The HAL HTT-40 (Hindustan Turbo Trainer-40) is an Indian training aircraft designed and built by Hindustan Aeronautics Limited (HAL). It will replace the Indian Air Force's retired HPT-32 Deepak as a basic trainer.

Design and development
The HTT-40 is a tandem seat trainer aircraft powered by a  turboprop engine. In early 2012 the company forecast building 106 examples.

By the middle of 2012 the aircraft's future was in doubt as the Indian Air Force ordered 75 Pilatus PC-7 Mk IIs to fill the role envisioned for the HTT-40. In September 2012 the Air Force indicated that it had formally rejected the HTT-40 for service based on its cost per aircraft being double that of the PC-7 Mk II, a proven aircraft, already in service worldwide. An MoD official noted, "We would be willing to pay higher rates to build indigenous capability in strategic defence equipment. But can HAL argue that the capability to build basic trainers is strategically vital[?]"

At that time HAL did not confirm the IAF announcement that it will not buy the HTT-40, nor did the company indicate whether the aircraft's development will be continued. A company spokesman said, "We treat all MOD issues/proposals as confidential...All our projects are conceived with national interest in mind though, at times, some of those take time to fructify".

Once the HTT-40 started flying, the Indian Air Force commander publicly stated that IAF will buy the HTT-40 in large numbers.

On 28 February 2015, it was reported that the Indian defense ministry had selected 68 HAL HTT-40 trainers and 38 Pilatus trainers to replace its current trainer fleet, stating that this move was "commercially viable".

On 21 June 2015, HAL chose the Honeywell Garrett TPE331-12B turboprop to power the trainer. The deal was signed on 27 July 2022, for 88 engines, kits, maintenance and support worth more than $100 million. Honeywell will work with HAL to extend support for exports.  

HAL rolled out the first prototype on 2 February 2016 and it first flew on 31 May 2016.

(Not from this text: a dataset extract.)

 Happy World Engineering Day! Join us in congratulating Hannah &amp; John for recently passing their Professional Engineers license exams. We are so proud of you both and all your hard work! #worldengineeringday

The HTT-40 made its first public introduction flight on 17 June 2016, with Defence Minister Manohar Parrikar in attendance at the HAL airport in Bangalore. On 19 May 2017, the second prototype had its first flight.

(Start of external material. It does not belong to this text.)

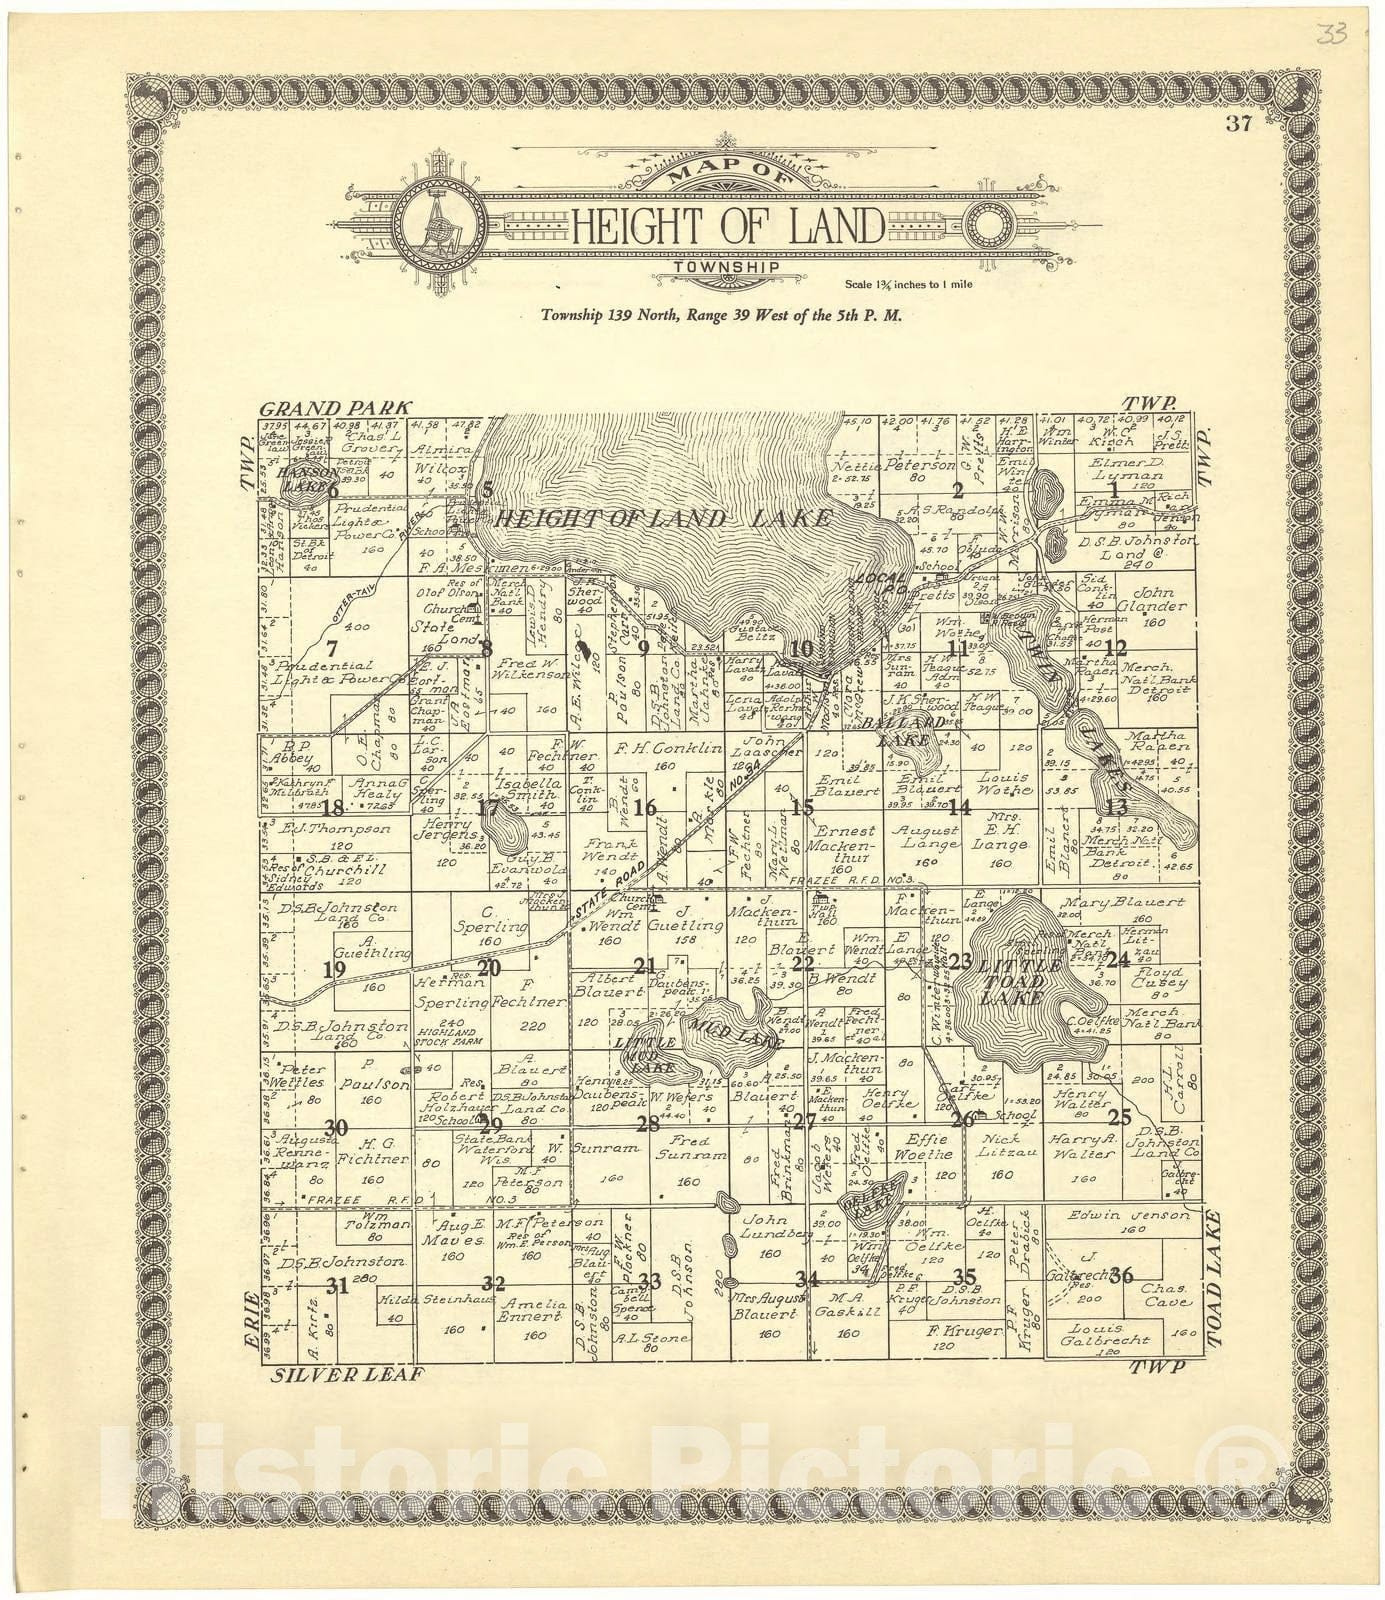 Historic 1929 Map - Standard Atlas of Becker County, Minnesota - Map of Height of Land Township

In July 2019 it was anticipated that initial operational clearance would be reached by end of 2019 and that, after placement of an order, the first aircraft would be delivered to the IAF within a year. In January 2020, HAL forecast that limited series production is to start in year 2020-21. On 11 August 2020, the Defence Acquisition Council approved procuring 106 HTT-40s for the Indian Air Force. At Aero India 2021, HAL received request for proposal from the IAF for 70 HTT40s with an option for 38 more. Production will take place at the Bangalore and Nashik manufacturing plants.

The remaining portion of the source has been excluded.